21) Can a partner who is declared a bankrupt continue to act as a partner?

Yes, a partner who is declared a bankrupt can continue to be a partner of an LLP. However, he is prohibited from taking part in the management of the LLP unless he has obtained leave from:-

  • The Director General of Insolvency(DGI); or
  • The court provided that a notice of intention to apply for leave has been served on the DGI and the DGI is heard on the application.
22) Can an existing business vehicle such as a Company or a partnership firm convert into a LLP?

Yes. In the case of a Company, only a Private Company incorporated under the Companies Act 2016 is allowed. In the case of a partnership, only firms which are registered under the Registration of Business Act 1956 or any firms carrying on professional practices are allowed.

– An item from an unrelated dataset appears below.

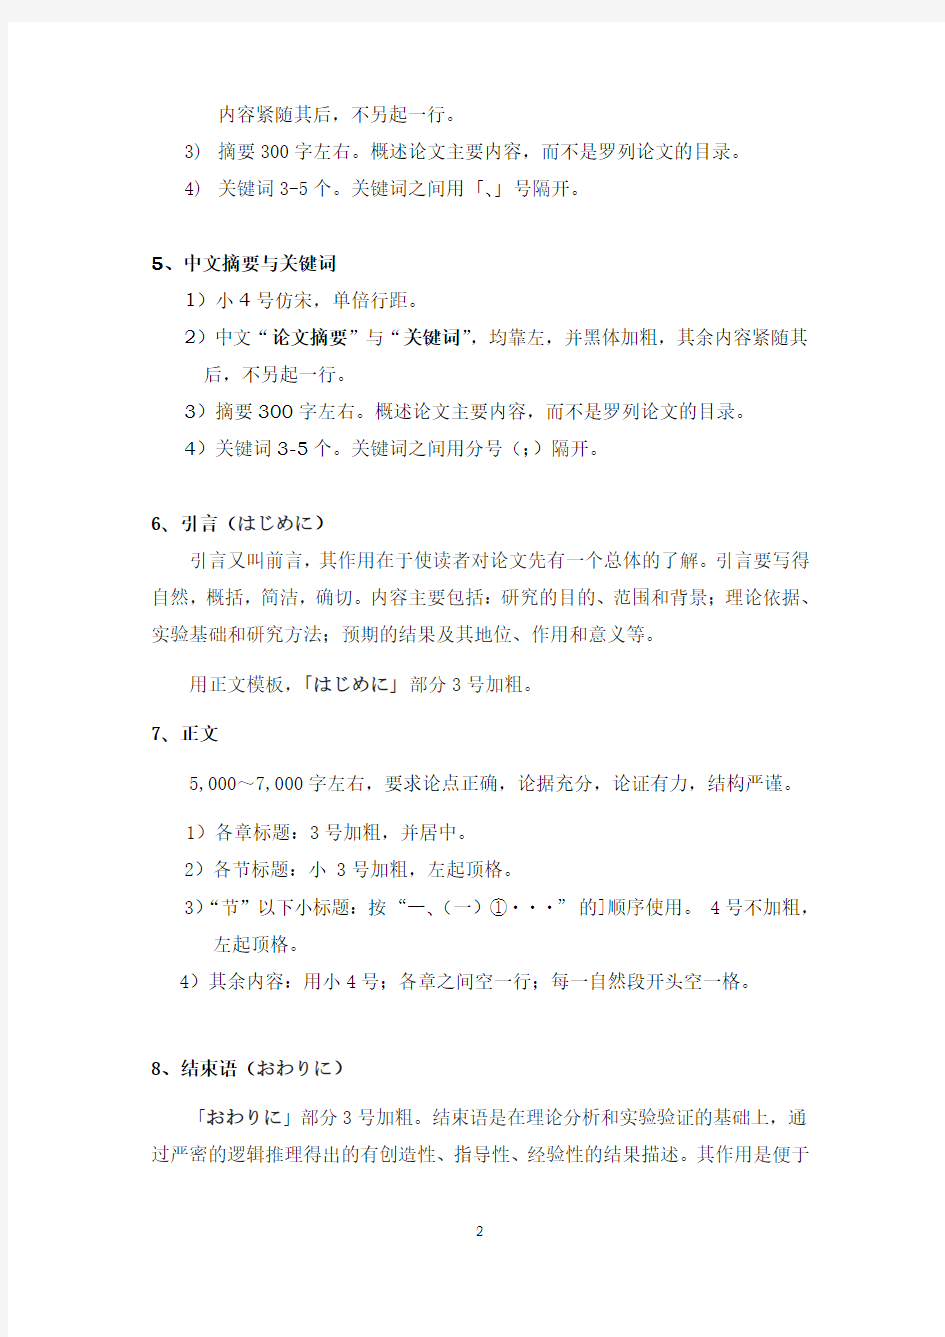 日语专业毕业论文格式与要求-2012版

23) What will be the position of a Private Company which converts to a LLP?

After a conversion, the Private Company shall be deemed to have been dissolved.

24) Can a sole-proprietorship convert into LLP?

A sole proprietorship cannot convert into a LLP as it only has 1 member. The sole proprietor must find at least one more person to be a partner before he can register a LLP.

25) Is there a requirement for a converted LLP to notify its conversion to any party which the LLP was dealing with prior to the conversion?

A converted LLP is required to ensure for a period of twelve months commencing fourteen days after the date of registration to state the following on every invoice or correspondence:-

  • A statement that it was, as from the date of registration, converted from a conventional partnership or Private Company, as the case may be, to a limited liability partnership; and
  • The name and registration number, if applicable, of the conventional partnership or Private Company from which it was converted.
26) Can a LLP re-convert to a private company?

No. The LLP will have to be voluntarily wound up first and then incorporate as a new Company.

27) It is unfair to creditors as the current partnerships can evade liability by just converting to LLP. What is the rationale/remedy for this?

Under the LLP Act 2012, it is provided that all rights and liabilities are vested into the LLP upon conversion from a conventional partnership or a Private Company. Further, partners of a conventional partnership that has converted to a LLP shall continue to be personally liable, jointly and severally with the LLP for the liabilities and obligations incurred prior to the conversion. Under the LLP legal framework, creditors of a private company are further protected as the Company must get the agreement of the creditors for such conversion.